** INFORMATION SHOWN follows **

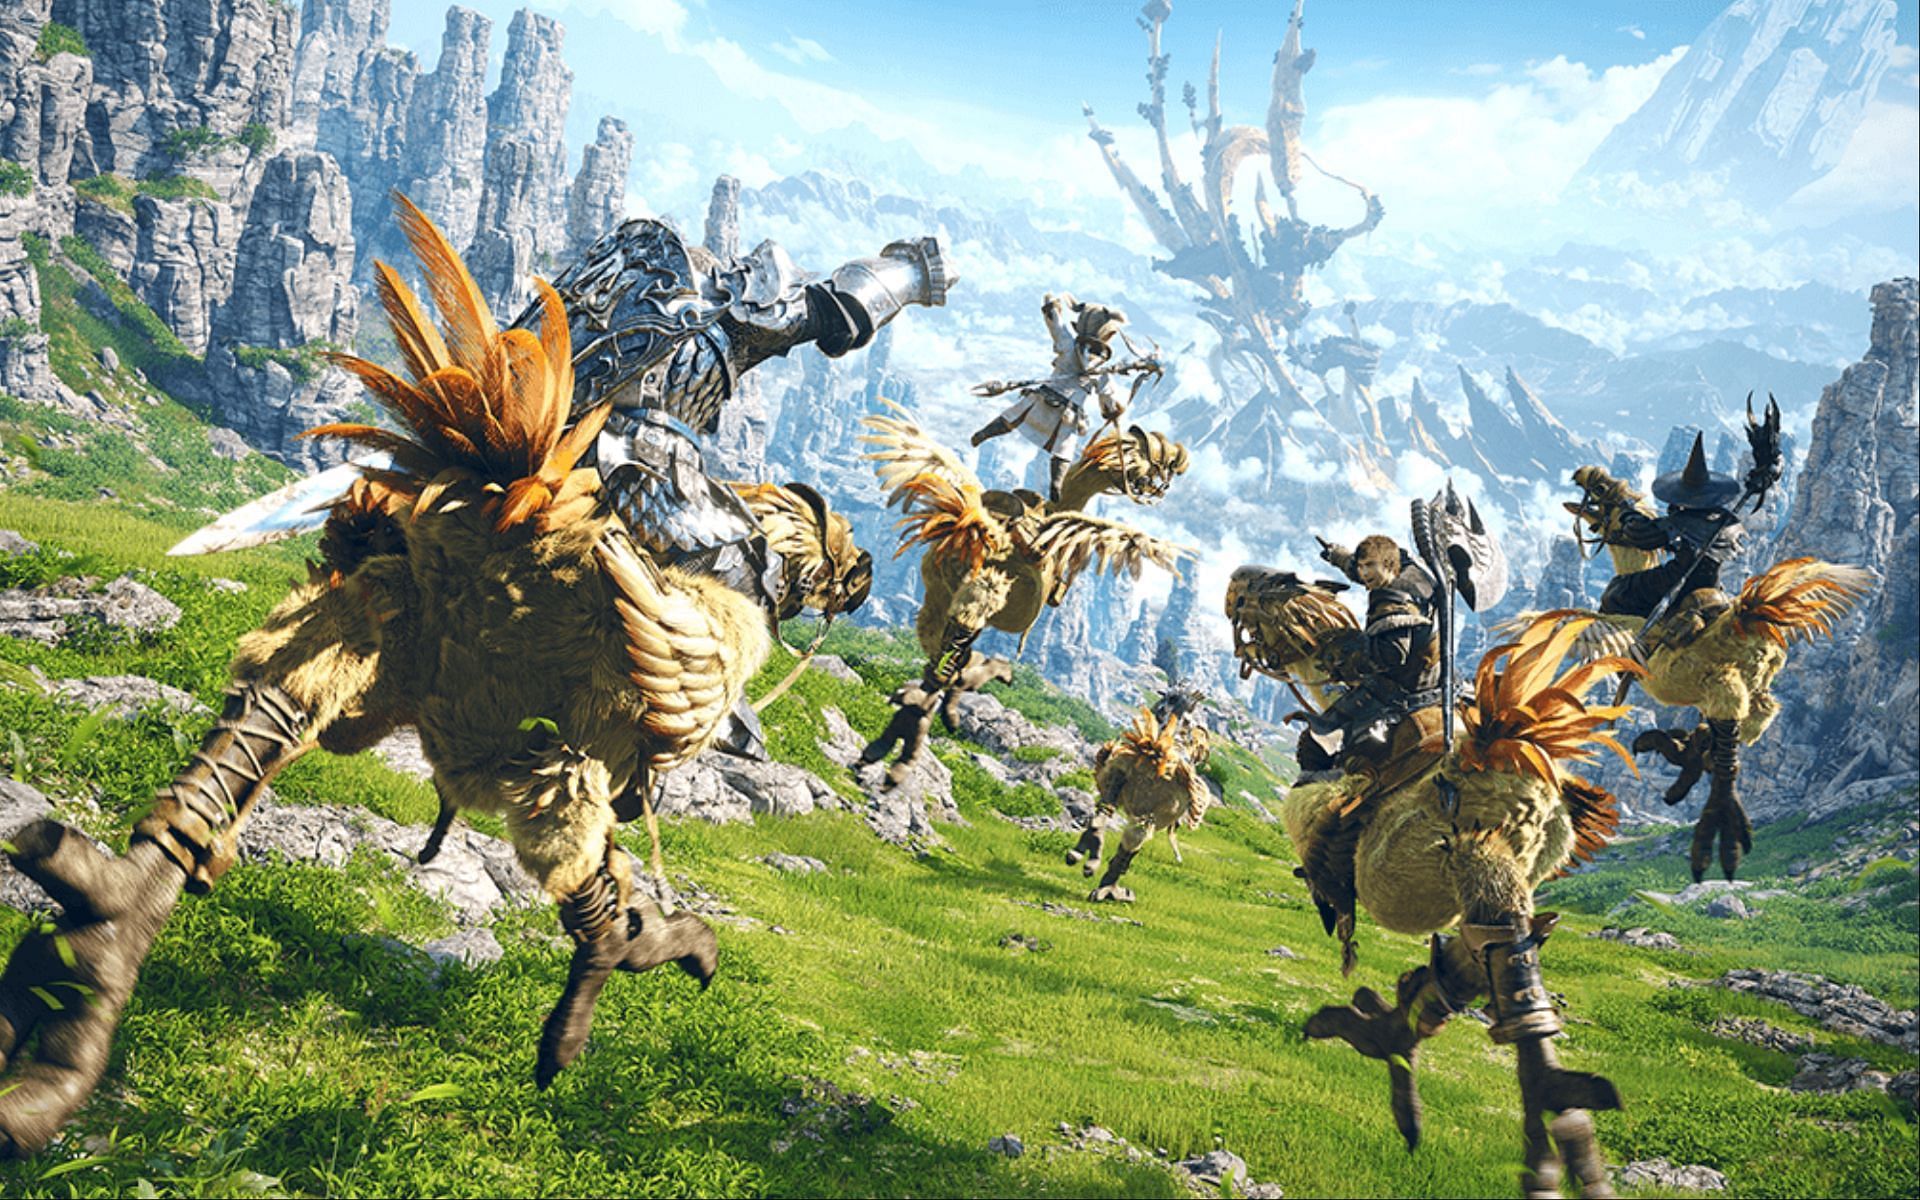 Is Final Fantasy XIV worth playing in 2023?
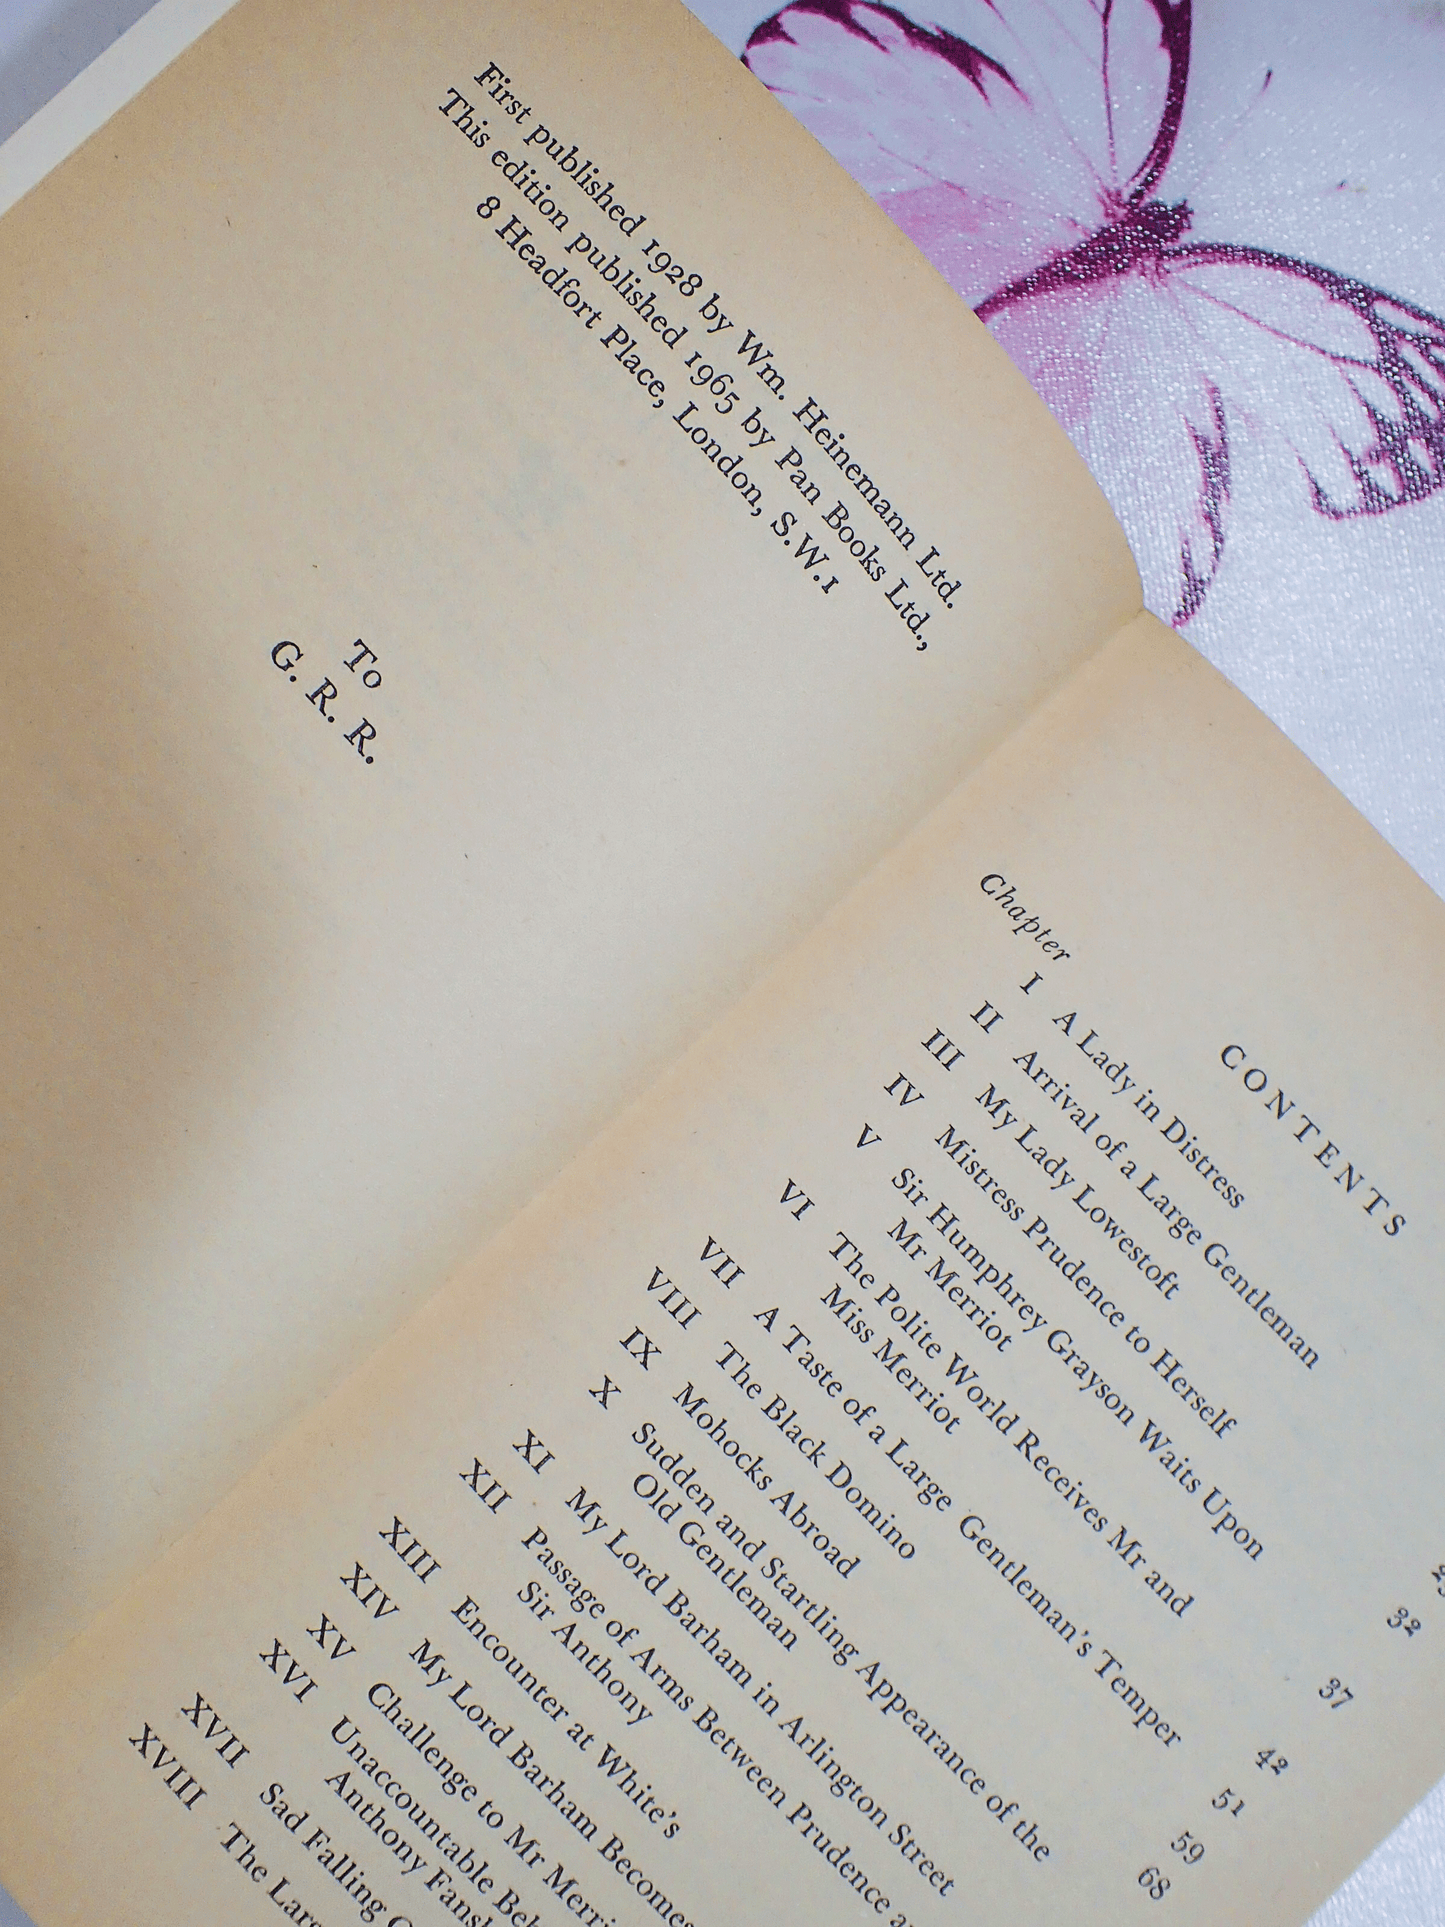 Pages showing publication information for vintage Pan Paperback ' The Masqueraders' by Georgette Heyer 'This edition published 1965 by Pan Books Ltd.'
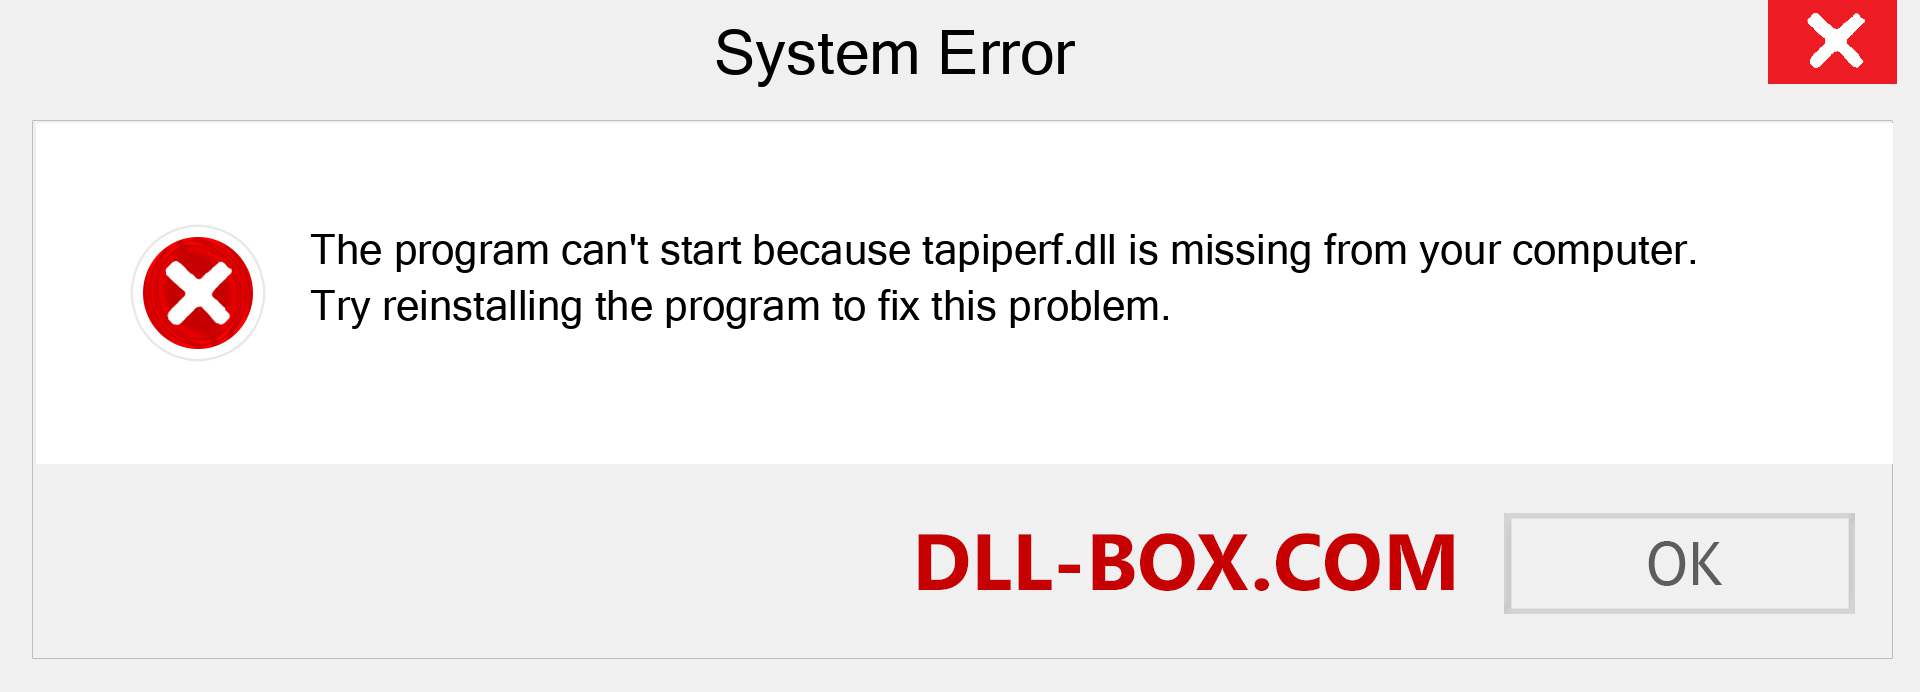  tapiperf.dll file is missing?. Download for Windows 7, 8, 10 - Fix  tapiperf dll Missing Error on Windows, photos, images

** End of INFORMATION SHOWN **

• [PROBLEM STATEMENT]: The lines above should be transcribed exactly, with every image removed.

• [EXERCISE OUTPUT]:
 Is Final Fantasy XIV worth playing in 2023?
 Pages showing publication information for vintage Pan Paperback ' The Masqueraders' by Georgette Heyer 'This edition published 1965 by Pan Books Ltd.'
  tapiperf.dll file is missing?. Download for Windows 7, 8, 10 - Fix  tapiperf dll Missing Error on Windows, photos, images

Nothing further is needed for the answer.